When I looked up at Stuart, he saw something in my eyes had changed. They were wide with terror. He knew and I knew: I was breaking.
I truly did not think the moment would come, when the pain would take over. I had powered through this far, and I truly believed I would go all the way. But something had changed, in just a moment. All of a sudden, I felt paralyzed. I could not sit there and fight.
“I can’t,” I muttered. “I can’t…”
“You can do it; you’re doing great,” Stuart said, as I took his arm and pulled myself up out of the chair.
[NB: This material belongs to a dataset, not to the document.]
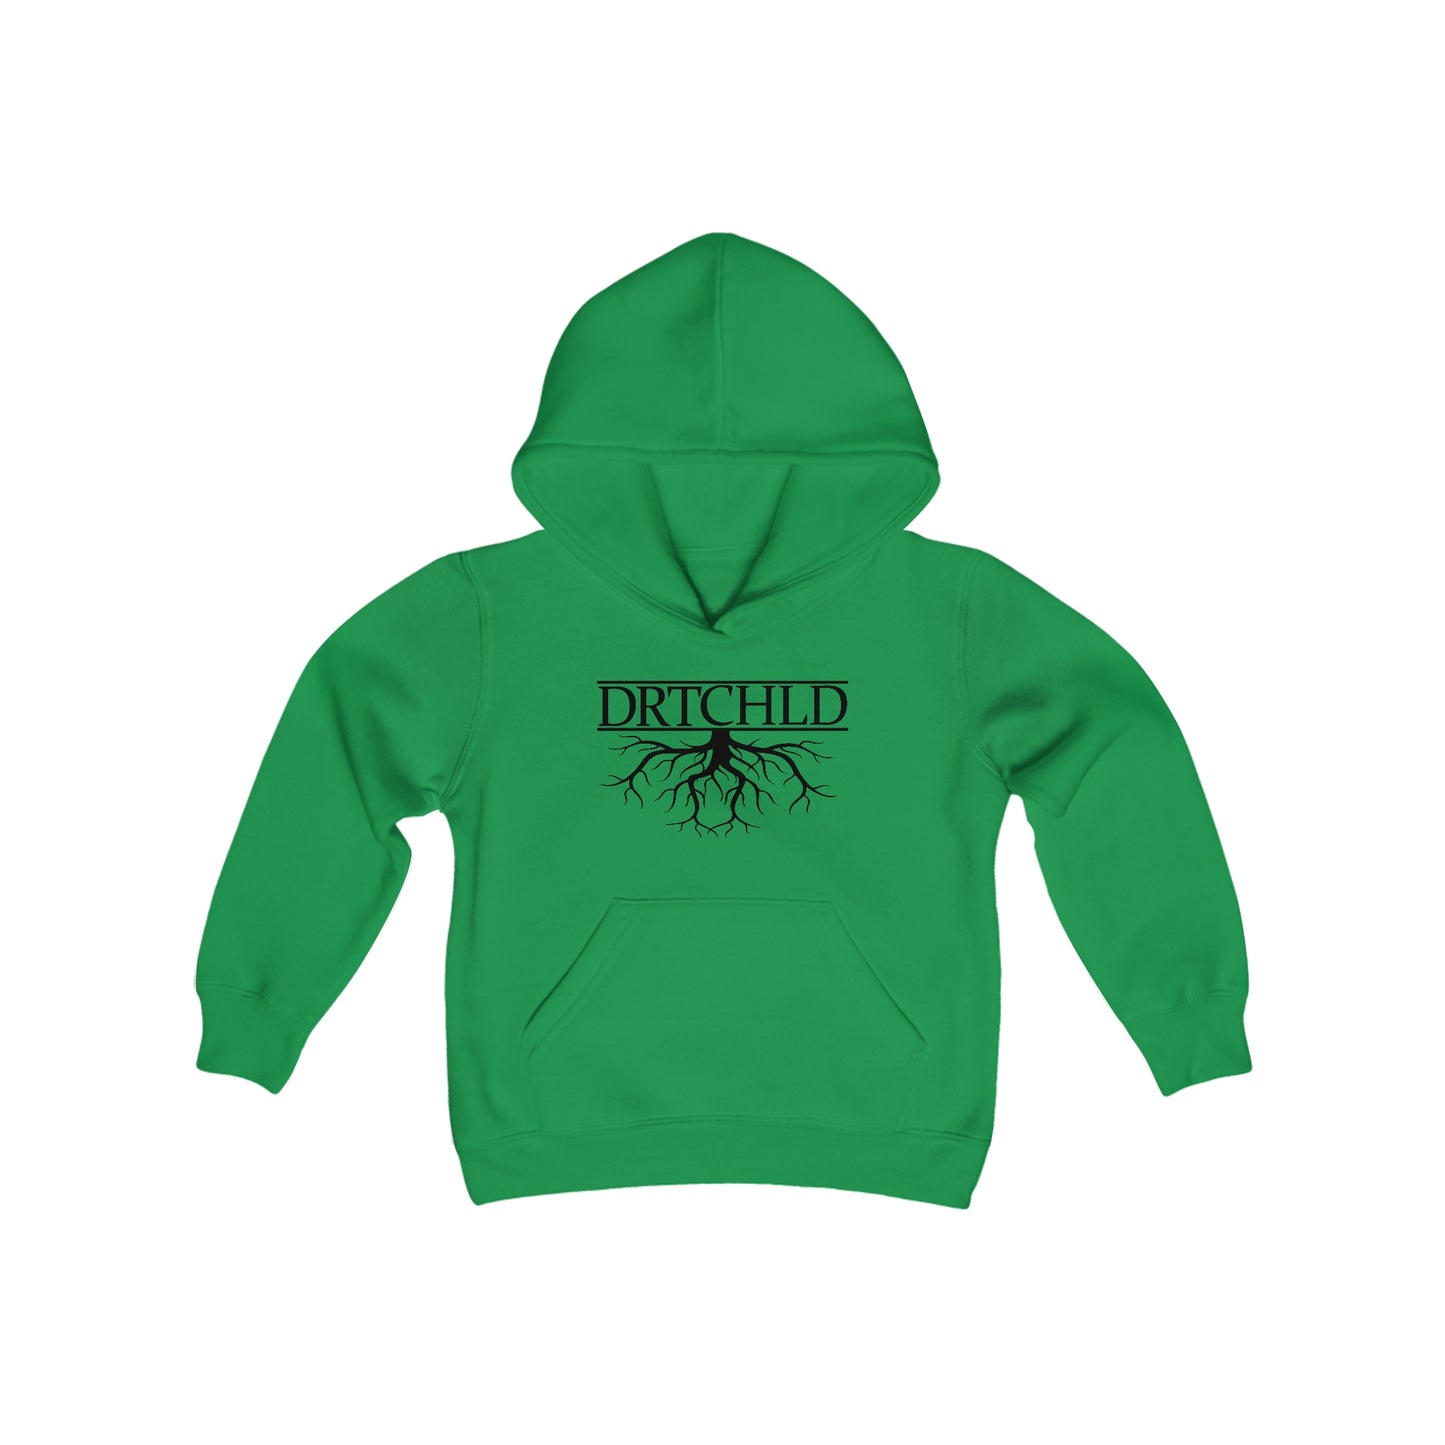 "DRTCHLD" Youth Hoodie

“I can’t…” I said, as I stumbled toward my bed. He helped lift me into bed, got me situated. At that moment, more than ever, it was the most uncomfortable bed in the world. I laid back, anticipating the next contraction. I remember thinking: I wasn’t ready.
I grasped and squeezed Stuart’s wrist, harder and tighter as the contraction climbed…climbed to its peak…and I was thrust into a panic.
“I can’t! I can’t!” I repeated loudly,
thrashing my head side to side,
looking up and looking down,
grabbing at Stuart’s shirt,
pulling at his skin,
holding on for dear life,
not knowing what to do,
how to breathe,
how to survive this.
I had an eerie vision of myself jumping out the window.
“I don’t know what to do with myself! I can’t do this!”
The pain was untouchable. I could not beat it. As I came down from the contraction, I could not forget the look on my husband’s face: he was terrified. He didn’t recognize me. The pain had possessed me. The pain had taken control of my entire being.
The pain had won.
It was no longer a matter of what I wanted. I had to. I had nothing left to give. I knew, if I went on like this–no energy, no sleep, paralyzed in pain–I would not be able to deliver my son.
And so the word appeared; it was there, in my mind. I hadn’t seen it all day, but it showed up. I didn’t fight it; I just surrendered.
“I need an epidural,” I said to him. “I need it.”
He brought his eyes down to my level and looked at me. “Are you sure?”
I was grateful, for a fleeting moment, that he cared to ask me that; he knew how much I wanted to go on my own, and I fell in love with him again, just for that. But he knew, and I knew: I needed it, to make it however many hours that were still ahead of me. I needed it for delivery.
I had to.
“Yes, I need it,” I said, without hesitation. “Hurry.”
And he ran out of the room.
My body crashed back into the rigid bed. For a moment, I remember I was standing outside my body, watching myself.
I watched as the pain devoured my superpowers.